Heh. Who knows. I guess comparing an answer in an online interview to a paragraph from a thesis is a bit silly too.

But, do you know what isn't silly? Comparing both to a music video.

And then this comment from the interviewer.

"You talk about the playful city, and the importance of play, and how play in cities can extend beyond the stadiums and other sanctioned heterotopian sites through the transformative power of carnival. Would you agree that graffiti, like skateboarding, longboarding, urban exploration, geocaching, parkour - or any of the other forms of independent repurposing of the city and its infrastructure for play that exist - are like carnival without end?"
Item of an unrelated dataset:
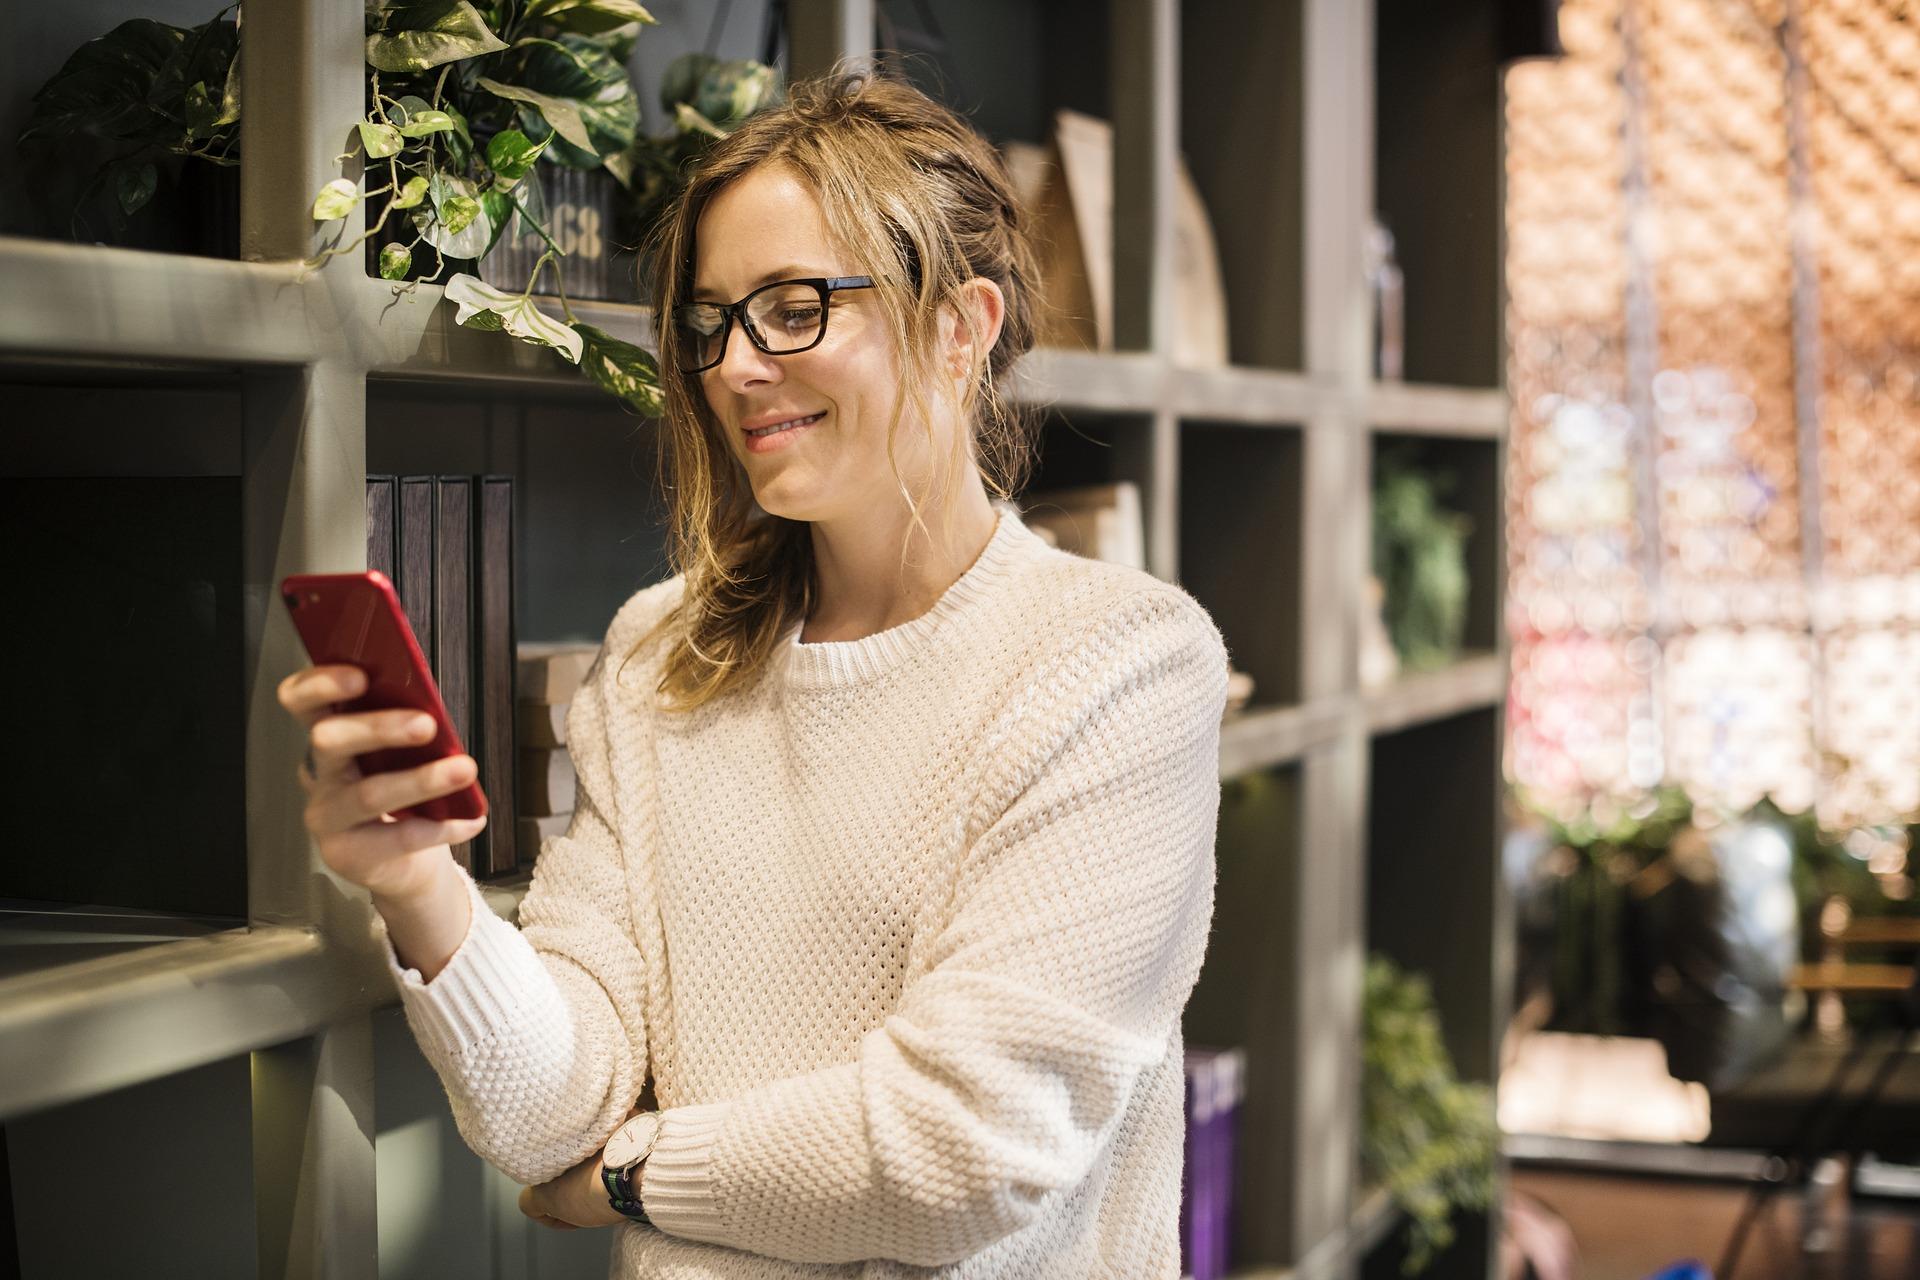 Peut-on se fier à la voyance par SMS ?

I'm only posting this quote because longboarding caught my eye. As far as I know, and I could be wrong, longboarding is riding a longboard down the street. There aren't tricks and kickflips and grinds on cement ledges like there is with regular skateboarding. I'm not suggesting one is better than another, but if you're just using it as a mode of transportation it lacks a transgressive depth. Something that comes about once a space is re-imagined and used differently. To include it in the list I ask myself why bicycling isn't on there? They go along roads and aren't cars too. And if bikes were there, should all types of cycling be included? Similar questions could be asked about walking fer crimminy's sake...and on and on and on.

So what is considered as transgressive in urban space? That's the 20 million dollar question. Does it require intent behind the act? Is anyone on a skateboard transgressive or is the kid in it purely for the look something less? Can a person only be transgressive if they seek out the opportunities? Do we get to call them mindless automatons if they don't?

Questions without end.

As I said at the start, it's nice that others have considered similar issues and topics I invested so much effort and time in (but why didn't they publish their books before I was writing?). I'll leave the discussion to them for the time being because whenever I try to get involved I ask more questions than I manage to find answers.

And that makes me dizzy.

To end the discussion I'll simply say, make sure you PLAY at every opportunity and as far as I'm concerned the city will somehow become a better place.

Playing makes me dizzy too, but in a good way.